## What is Zero-Shot Learning?

- <span style="color:green"> **Zero-Shot Learning** </span> is a concept, that a model when trained on enough unlabeled data (unsupervised learning) is able to generalize/ recognize at inference time even though the model was not trained on the inference data. This can be used in NLP, Images etc.
- <span style="color:green"> **Zero-Shot Learning** </span> is a setup in which a model can learn to recognize things that it hasn’t explicitly seen before in training.

#### Load useful libraries and data

In [None]:
from transformers import pipeline
import pandas as pd
import numpy as np
from tqdm import tqdm


In [None]:
data = pd.read_csv(
    "data/SMSSpamCollection.txt",
    encoding="utf-8",
    header=None,
    delimiter="\t",
    names=["target", "text"],
)

In [None]:
data.head(5)

In [None]:
print(f'There are {data.shape[0]} rows in the dataset')
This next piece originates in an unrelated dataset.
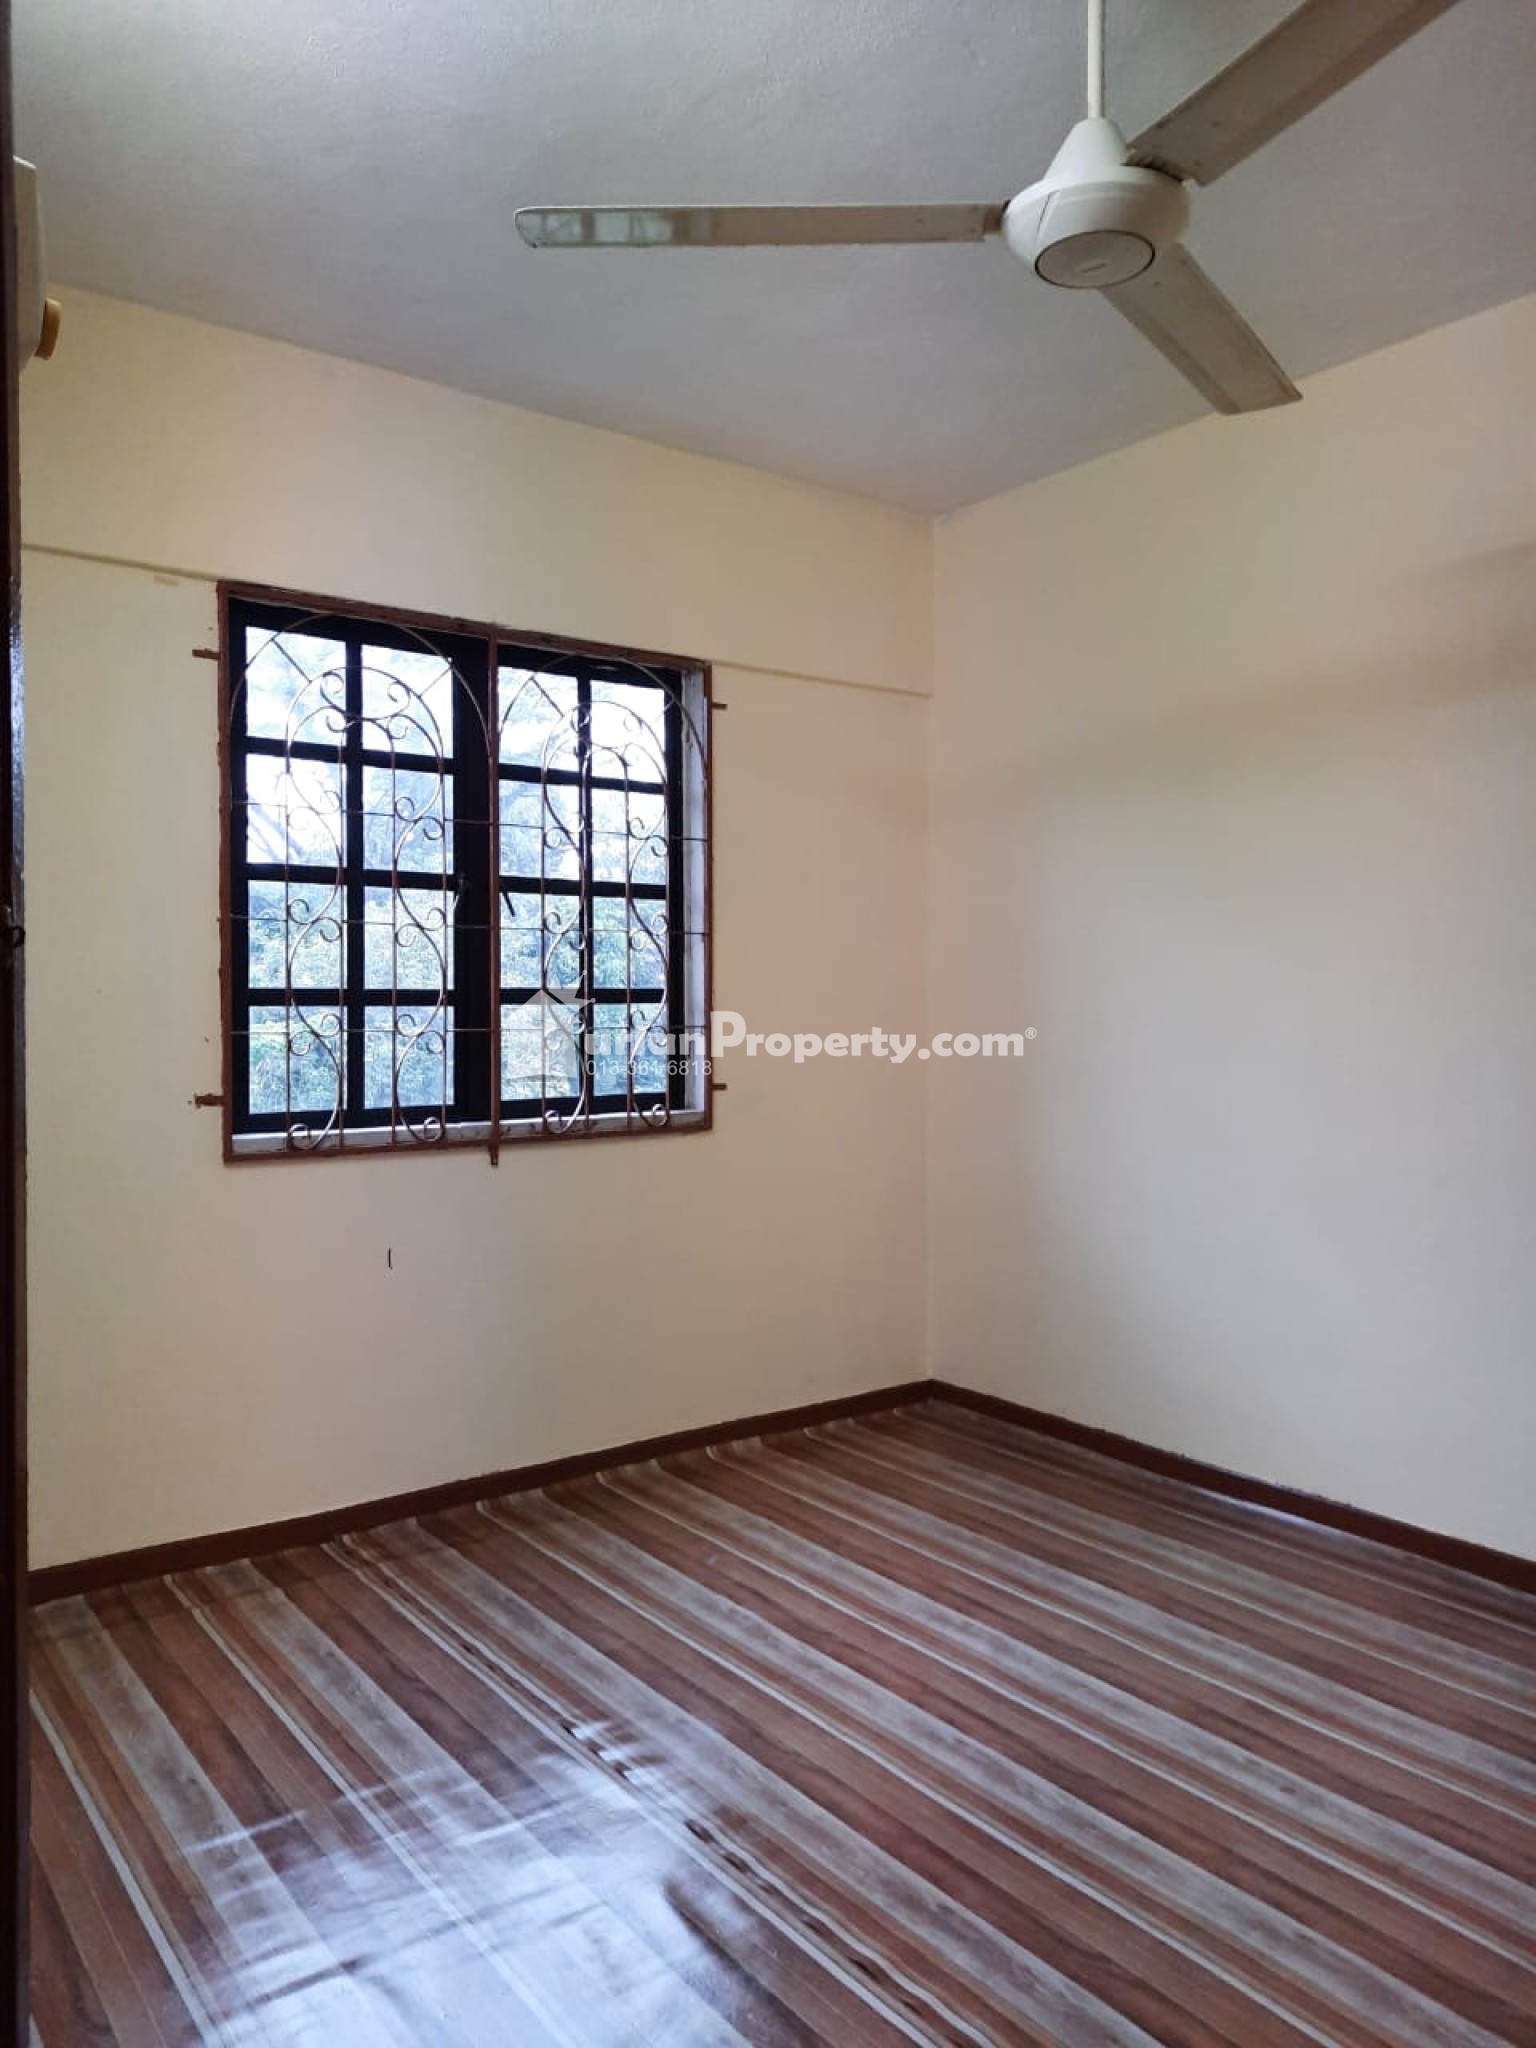 Apartment For Sale at Taman Melati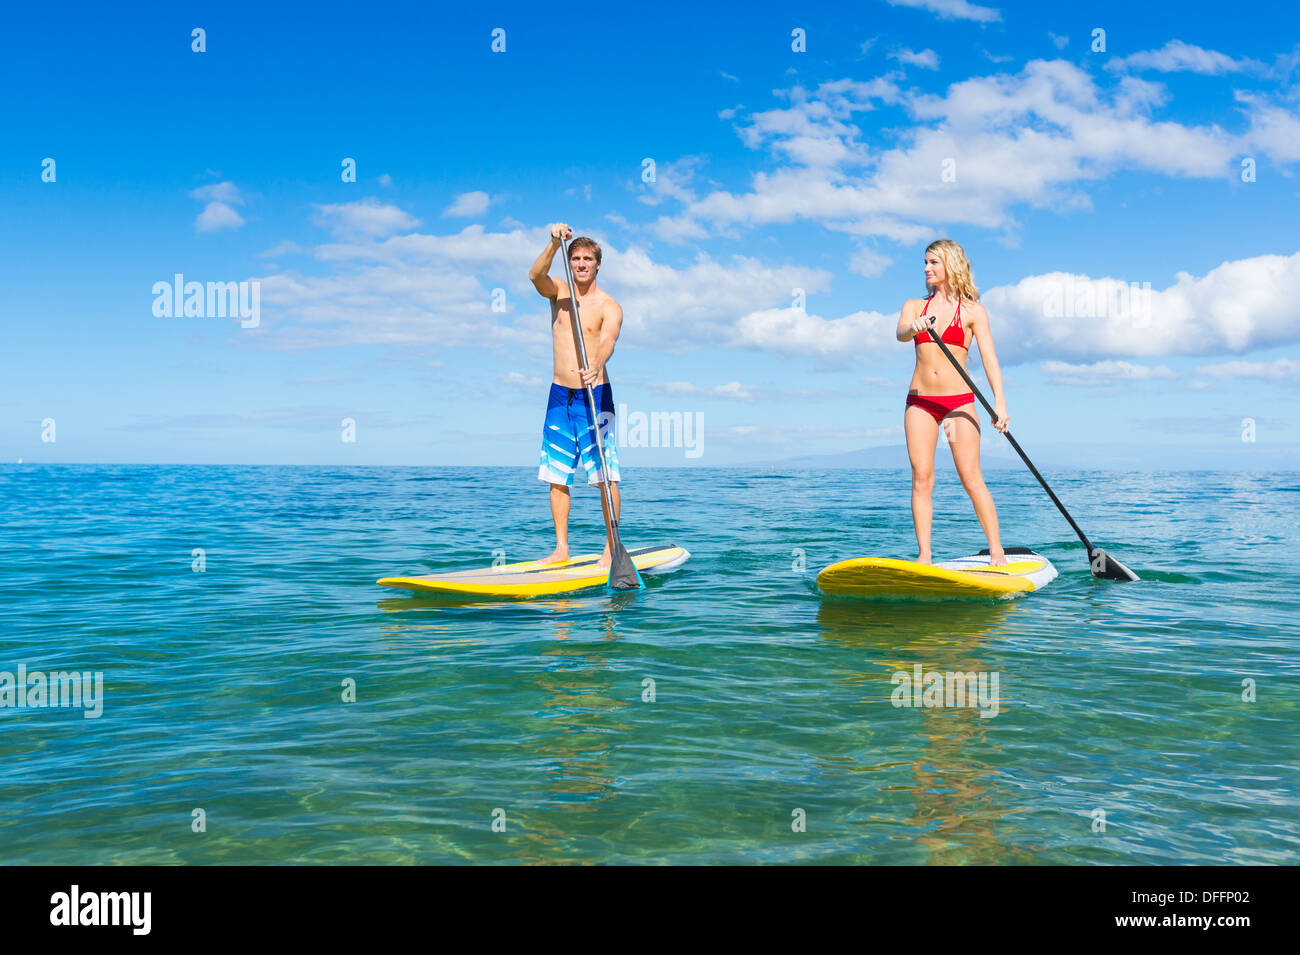 Paar Stand Up Paddle Surfen In Hawaii, schönen tropischen Ozean aktiv Strand Lebensstil Stockfoto

### Preparing the pipeline in one-line of code!

In [None]:
classifier = pipeline("zero-shot-classification",device = 0)

### Making Predictions

This model works best with informative labels, spam/ham are not so informative. Using spam/ham leads to a Hamming loss of 53% vs using click bait/written by humans leading to 19%

Can you find better label descriptions?

In [None]:
category_map = {"spam":"click bait", "ham":"written by humans"}

In [None]:
candidate_labels = list(category_map.values())
predictedCategories = []
trueCategories = []
for i in tqdm(range(100)):
    text = data.iloc[i,]['text']
    cat = [data.iloc[i,]['target']]
    res = classifier(text, candidate_labels, multi_label=False)
    labels = res['labels'] 
    scores = res['scores'] #extracting the scores associated with the labels
    res_dict = {label : score for label,score in zip(labels, scores)}
    sorted_dict = dict(sorted(res_dict.items(), key=lambda x:x[1],reverse = True)) #sorting the dictionary of labels in descending order based on their score
    categories  = next(k for i, (k,v) in enumerate(sorted_dict.items()))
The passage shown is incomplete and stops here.